2. The method for synthesizing butanone azide according to claim 1, characterized in that: The ammonia concentration is 20% to 30%.
3. The method for synthesizing butanone azide according to claim 1, characterized in that: The ammonia concentration is 25%–28%.
4. The method for synthesizing butanone azide according to claim 1, characterized in that: The catalyst is selected from at least one of formamide, acetamide, propionamide, and dimethylformamide.
5. The method for synthesizing butanone azide according to claim 1 or 4, characterized in that: The catalyst is formamide.
6. The method for synthesizing butanone azide according to claim 1, characterized in that: The nonionic surfactant is selected from one or more of polyoxyethylene lauryl ether, polyethylene glycol hexadecyl ether, and polyoxyethylene ether.
7. The method for synthesizing butanone azide according to claim 1, characterized in that: The nonionic surfactant is polyoxyethylene lauryl ether.
8. The method for synthesizing butanone azide according to claim 1, characterized in that: The reaction conditions in step (2) are as follows: the reaction temperature is 20-50℃ and the reaction time is 1-5h.

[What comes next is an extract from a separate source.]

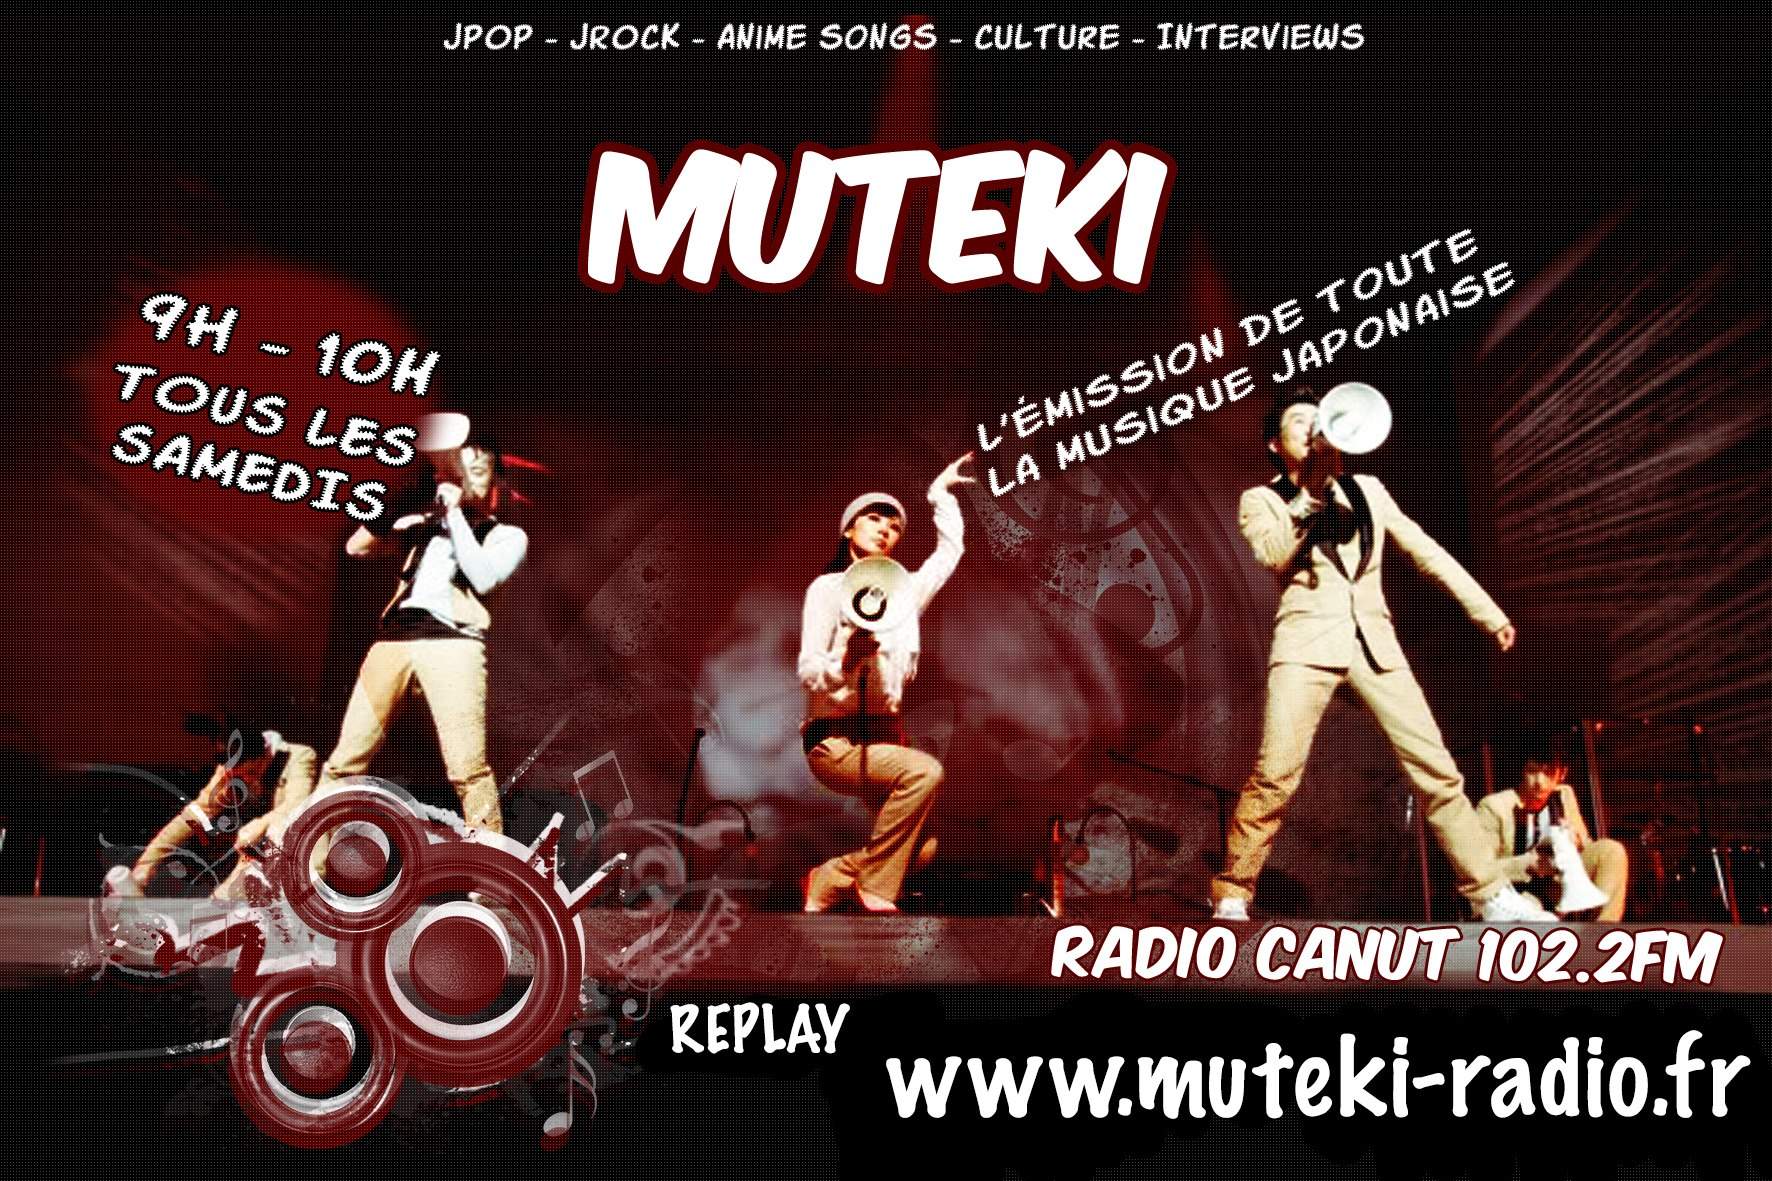 The Muteki show welcomes Pascal Bagot for the tattoo writer.

9. The method for synthesizing butanone azide according to claim 1, characterized in that: The reaction conditions in step (2) are as follows: the reaction temperature is 30-40℃ and the reaction time is 1-5h.
10. The method for synthesizing butanone azide according to claim 1, characterized in that: The oxidant in step (2) is a hydrogen peroxide solution containing disodium EDTA; the concentration of the hydrogen peroxide solution is 27.5% to 30%; the content of disodium EDTA in the hydrogen peroxide solution containing disodium EDTA is 0.1 to 1.0 g / mol of hydrogen peroxide.
11. The method for synthesizing butanone azide according to claim 10, characterized in that: The content of disodium EDTA in the hydrogen peroxide solution is 0.3–0.5 g / mol of hydrogen peroxide.
12. The method for synthesizing butanone azide according to claim 1, characterized in that: The separation solvent in step (3) is an organic solvent, which is one or more of cyclohexane, n-hexane, toluene, and xylene.
13. The method for synthesizing butanone azide according to claim 1, characterized in that: The separation solvent in step (3) is xylene.
14. The method for synthesizing butanone azide according to claim 1, characterized in that: The molar ratio of methyl ethyl ketone (MEK) to hydrogen peroxide is 3–5:
1.
15. The method for synthesizing butanone azide according to claim 1, characterized in that: The molar ratio of ammonia to hydrogen peroxide is 2 to 4:
1.
16. The method for synthesizing butanone azide according to claim 1, characterized in that: The molar ratio of formamide to hydrogen peroxide is 2 to 4:1.